Task to carry out
The reply should contain every line of the data, repeated exactly, and no pictures.

Supplied information
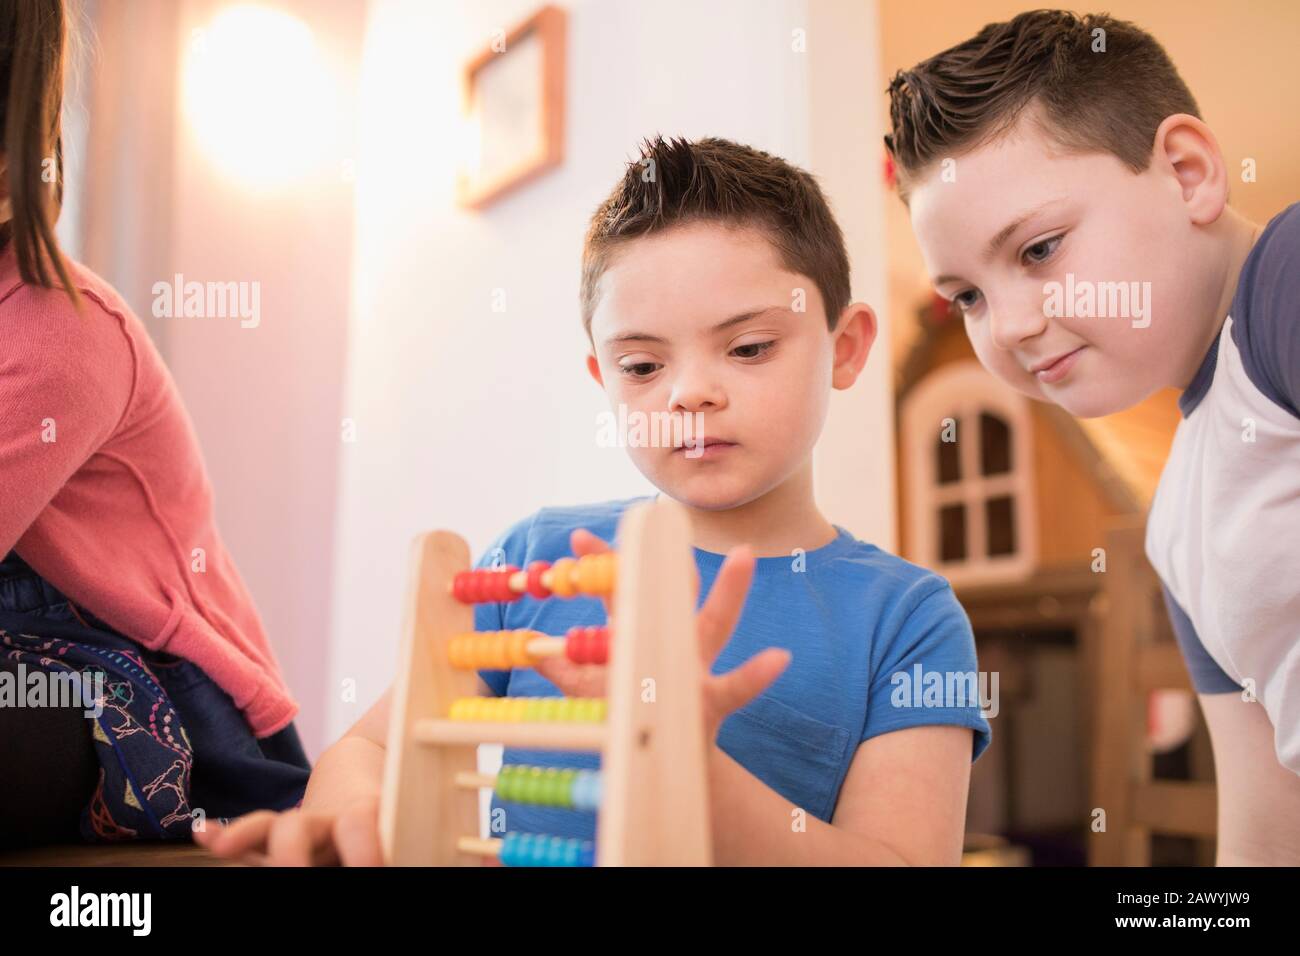 Garçon avec le syndrome De Down et frère jouant avec le jouet Banque D'Images
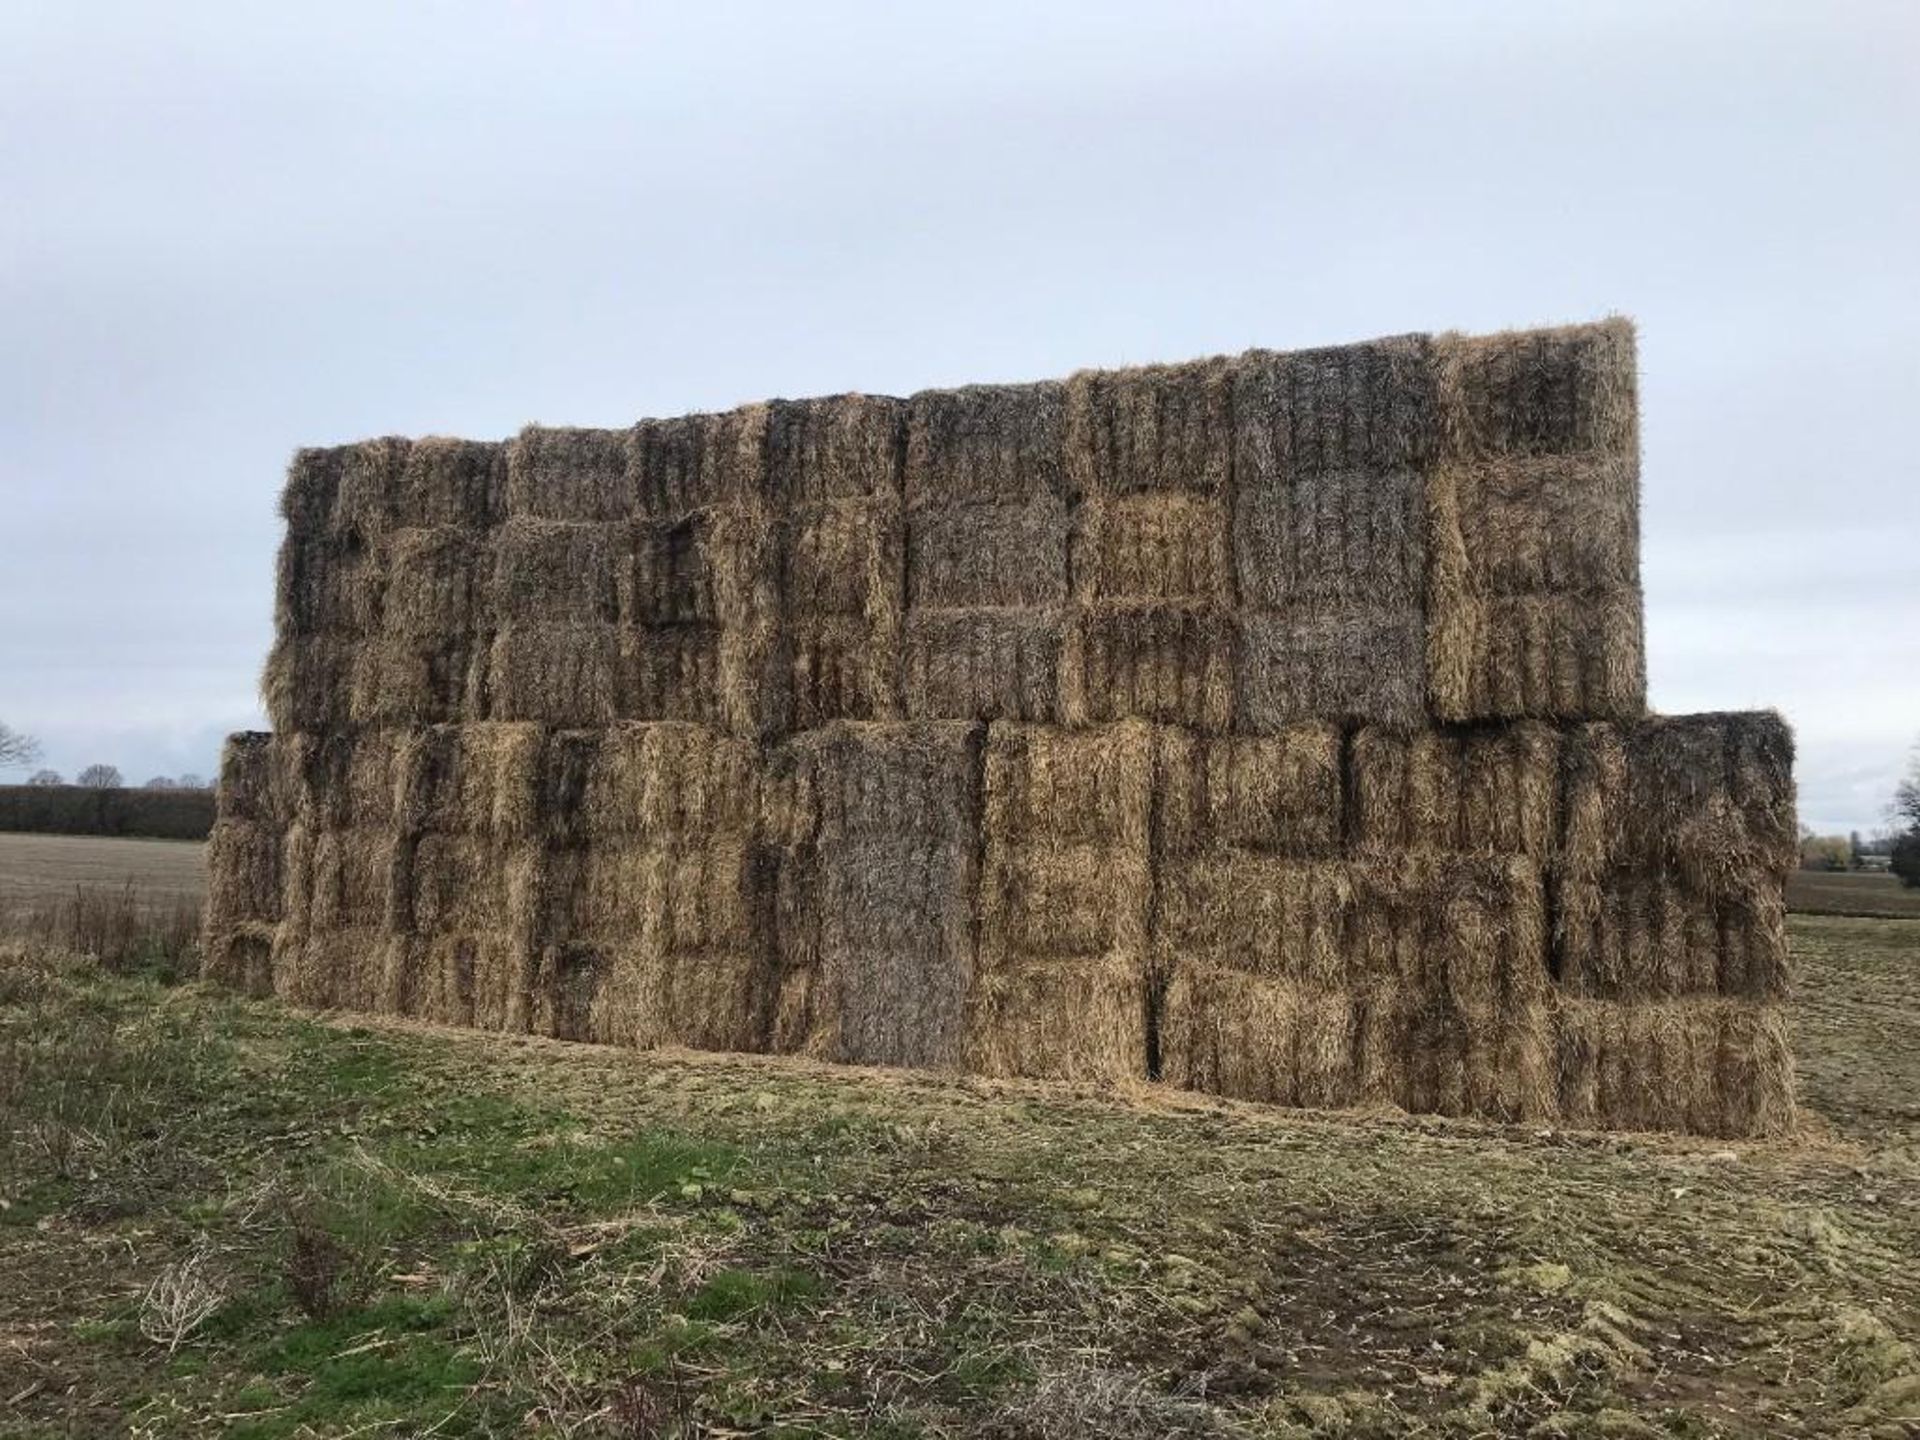 85No. 2021 Winter Barley Straw Bales
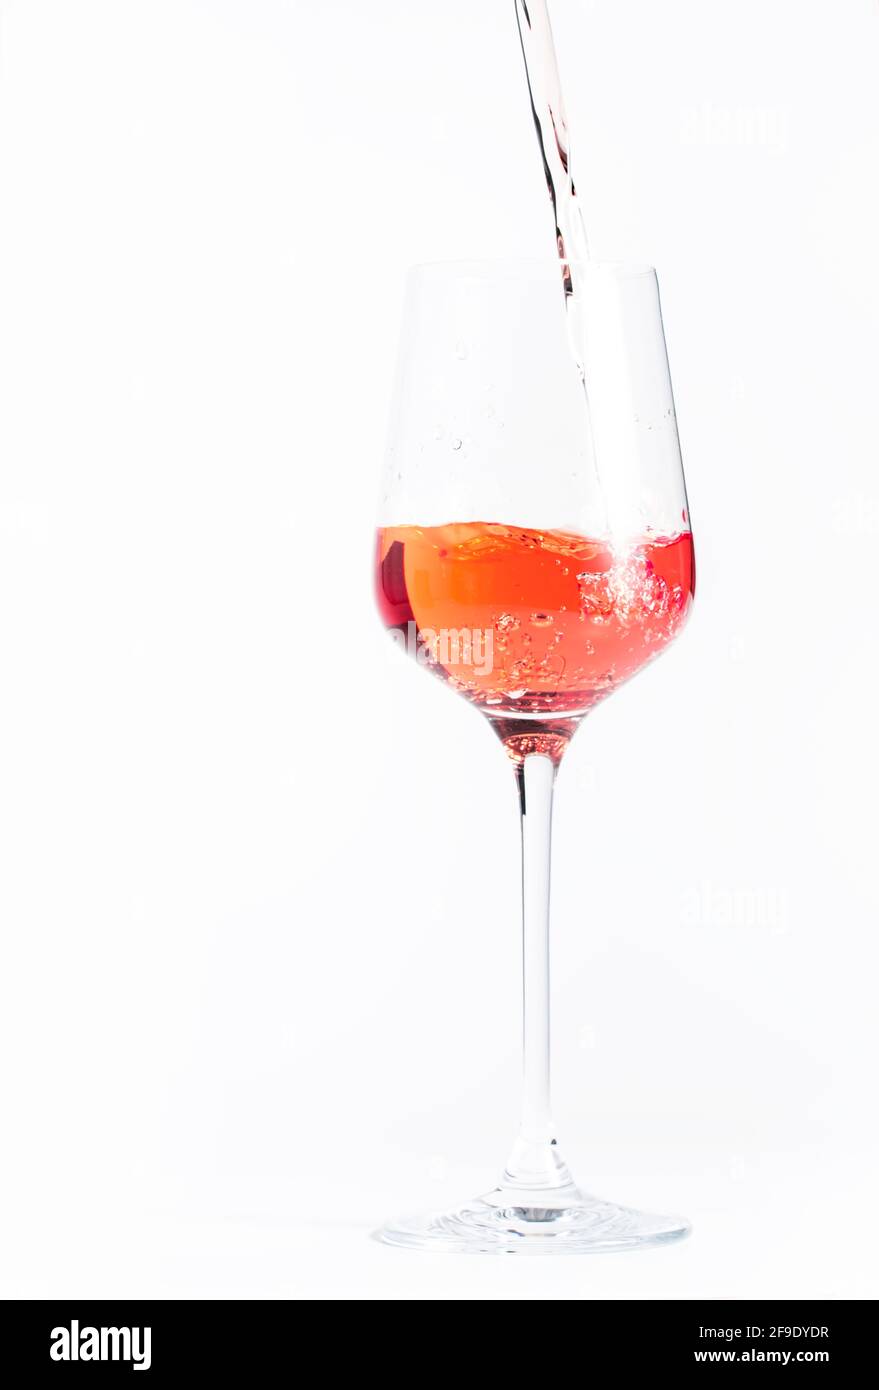 Vino rosato che fuoriesce dalla bottiglia, macinato di panettino bianco. Rosado, rosato o degustazione di vini arrossati in wineshop, concetto bar. Copia spazio Foto Stock

Result of the task
 Garçon avec le syndrome De Down et frère jouant avec le jouet Banque D'Images
 85No. 2021 Winter Barley Straw Bales
 Vino rosato che fuoriesce dalla bottiglia, macinato di panettino bianco. Rosado, rosato o degustazione di vini arrossati in wineshop, concetto bar. Copia spazio Foto Stock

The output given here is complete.